Exercise details >> Each line, starting at the one with "P19-012 Peloton_4.jpg" and running to the end of the data below, is to be set down again exactly, both ends included; leave pictures out.

Input data >>
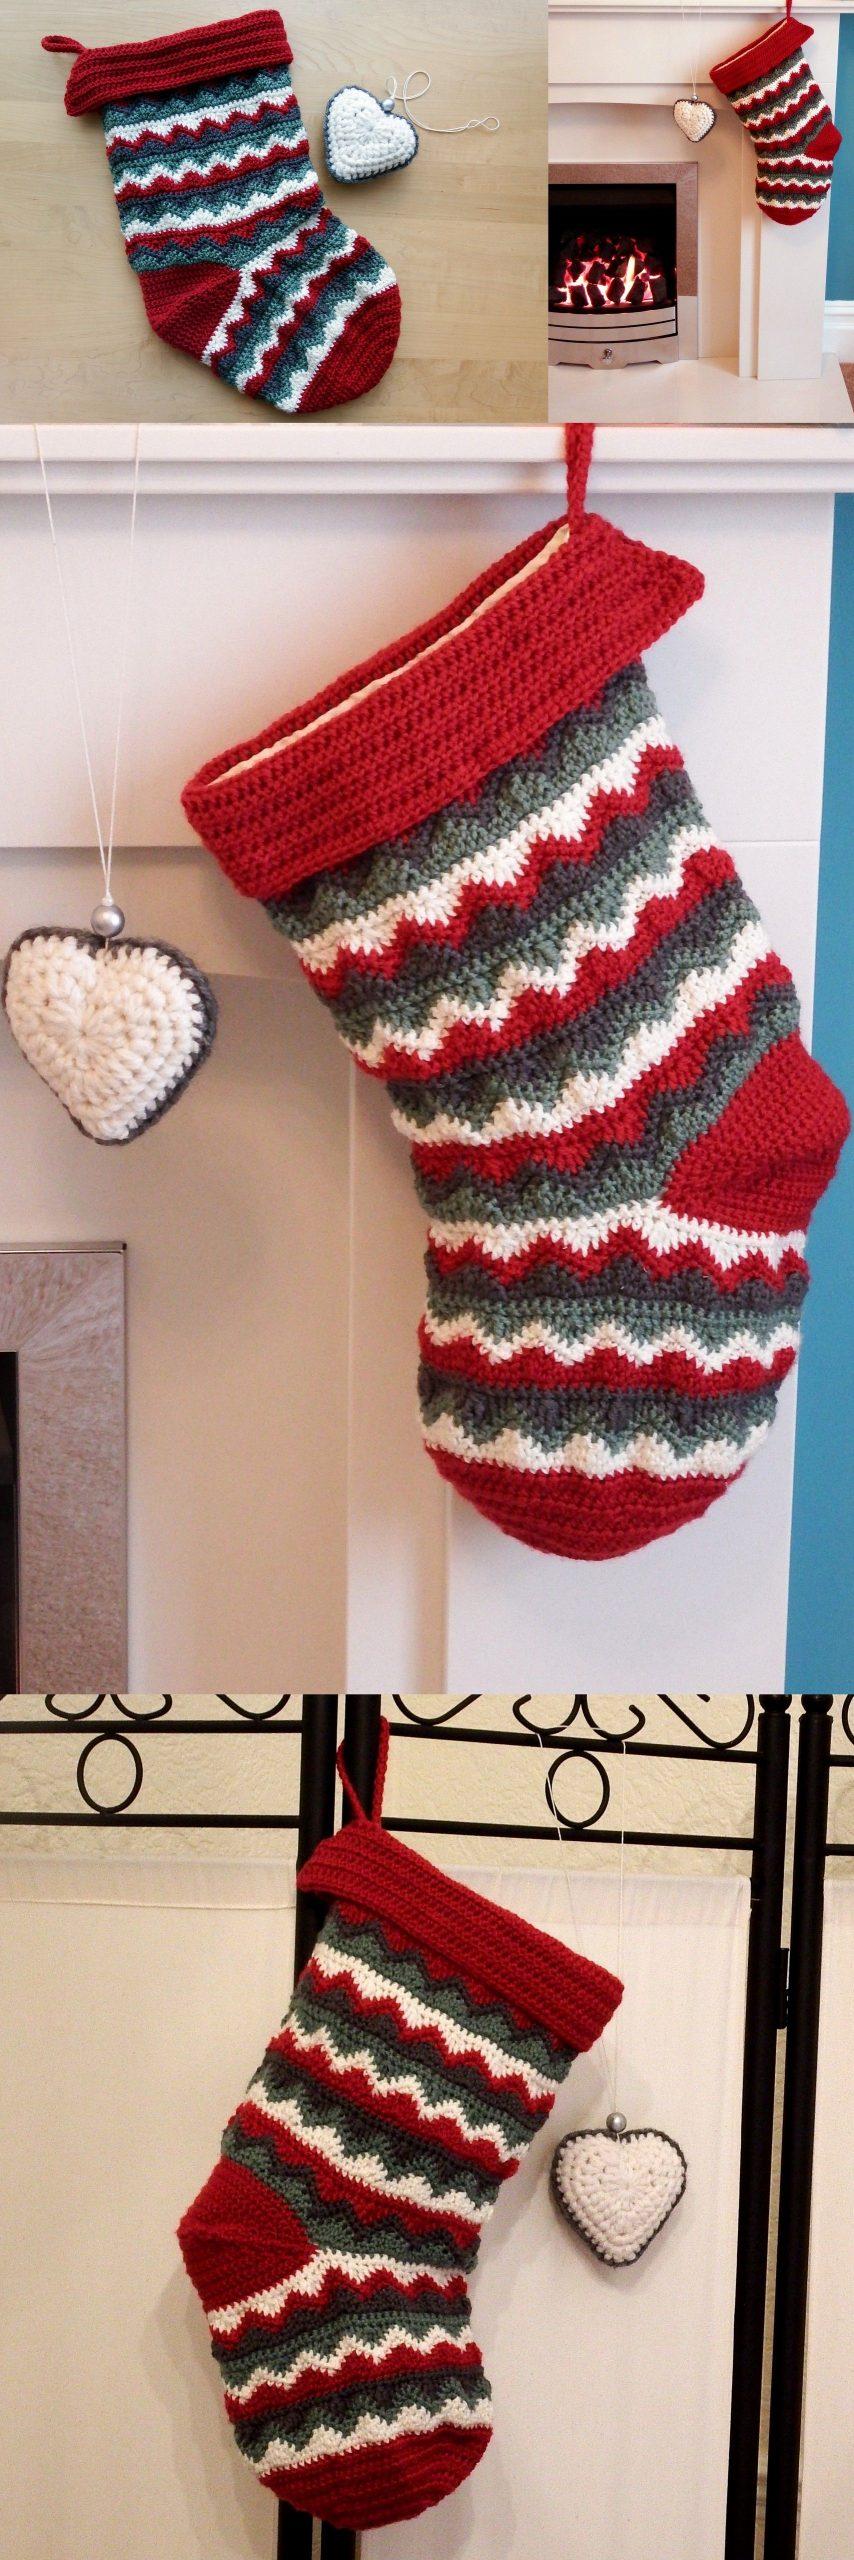 Home made zigzag Christmas Stocking – free crochet pattern!
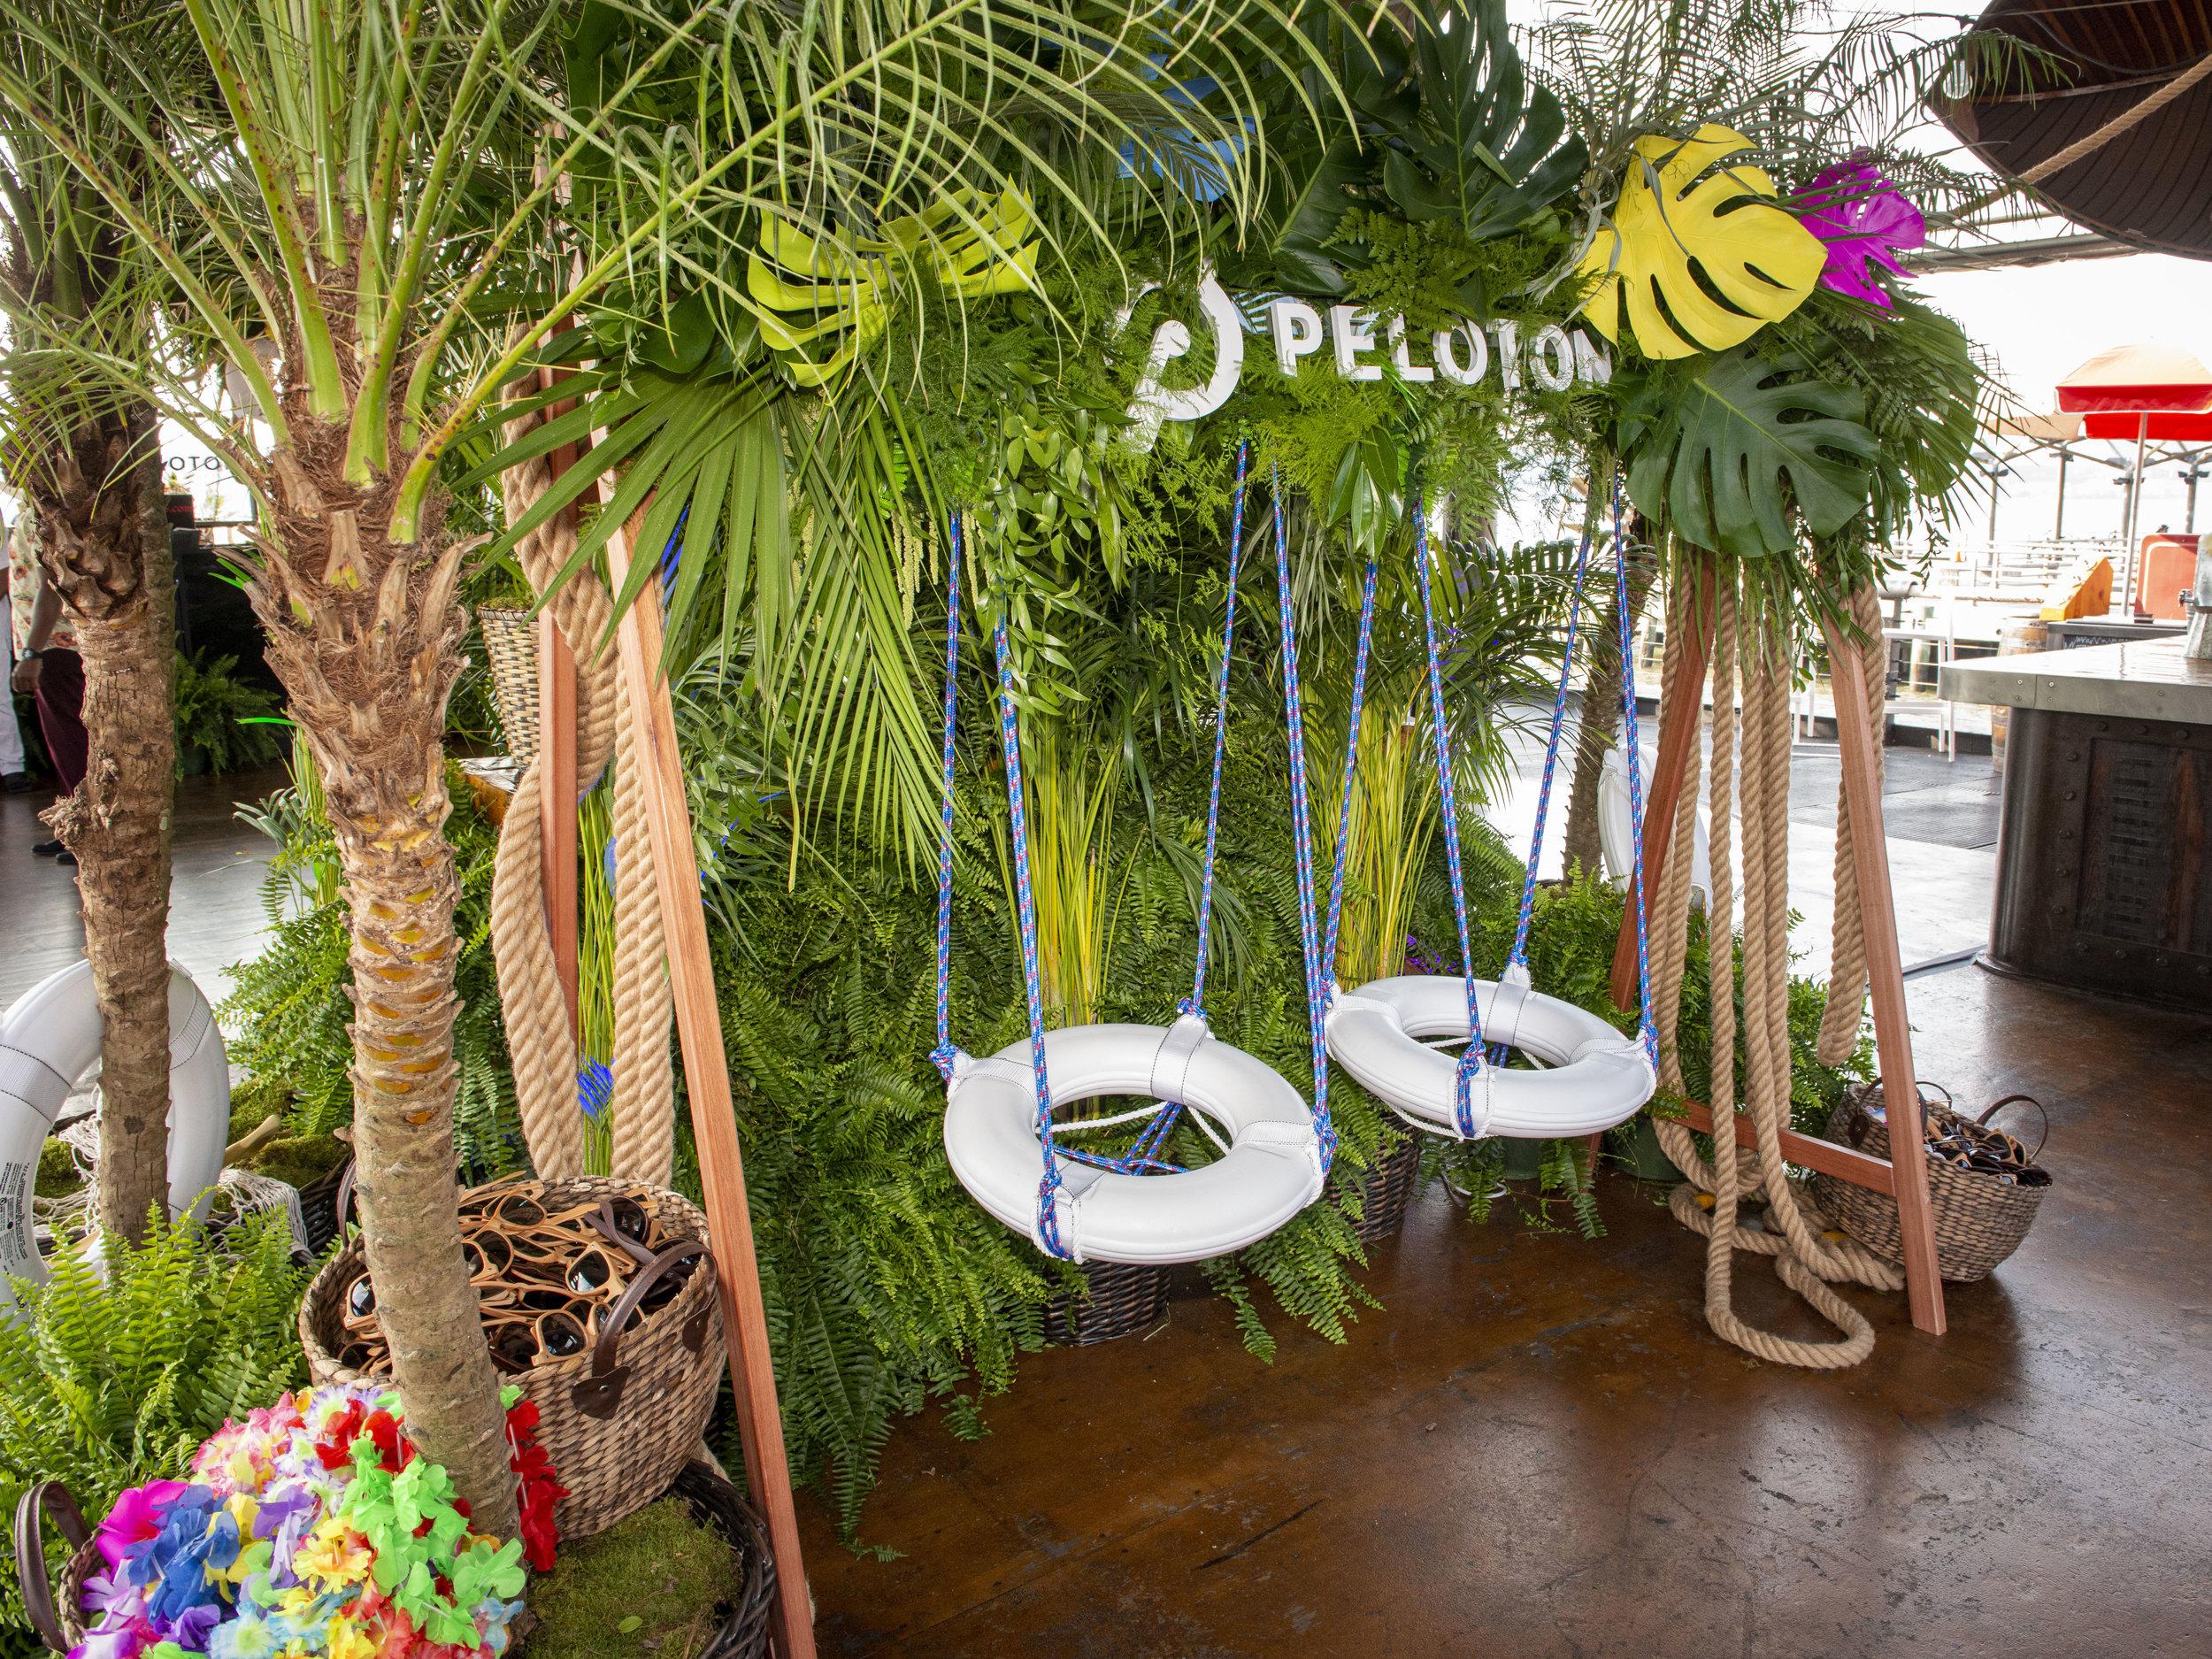 P19-012 Peloton_4.jpg
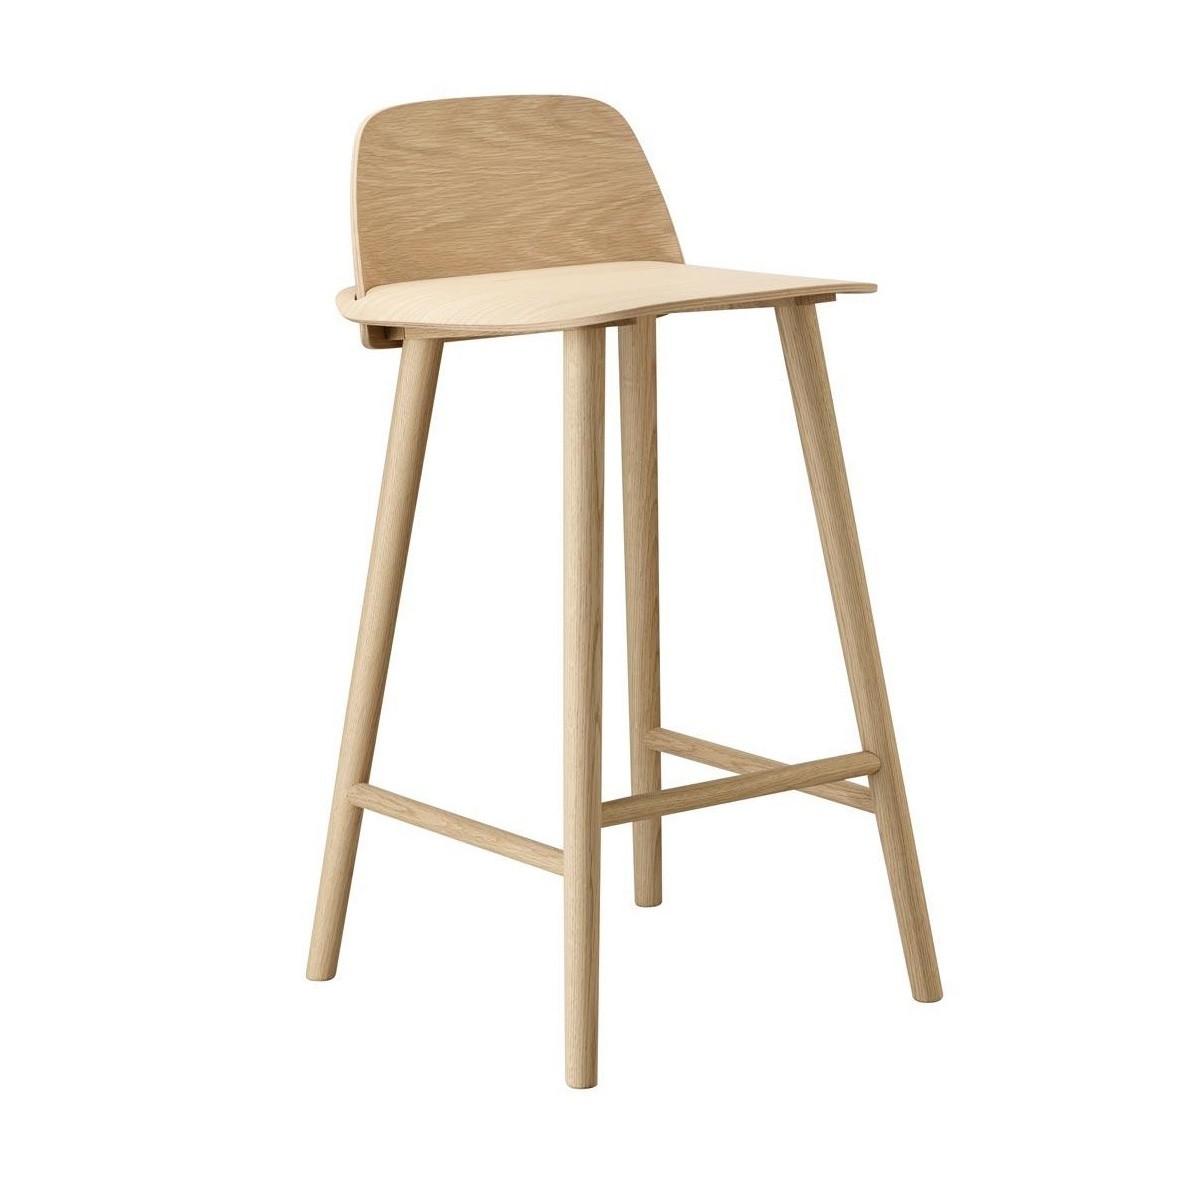 nerd chair muuto sheboygan company bar stool 65 ambientedirect

Answer space >>
 P19-012 Peloton_4.jpg
 nerd chair muuto sheboygan company bar stool 65 ambientedirect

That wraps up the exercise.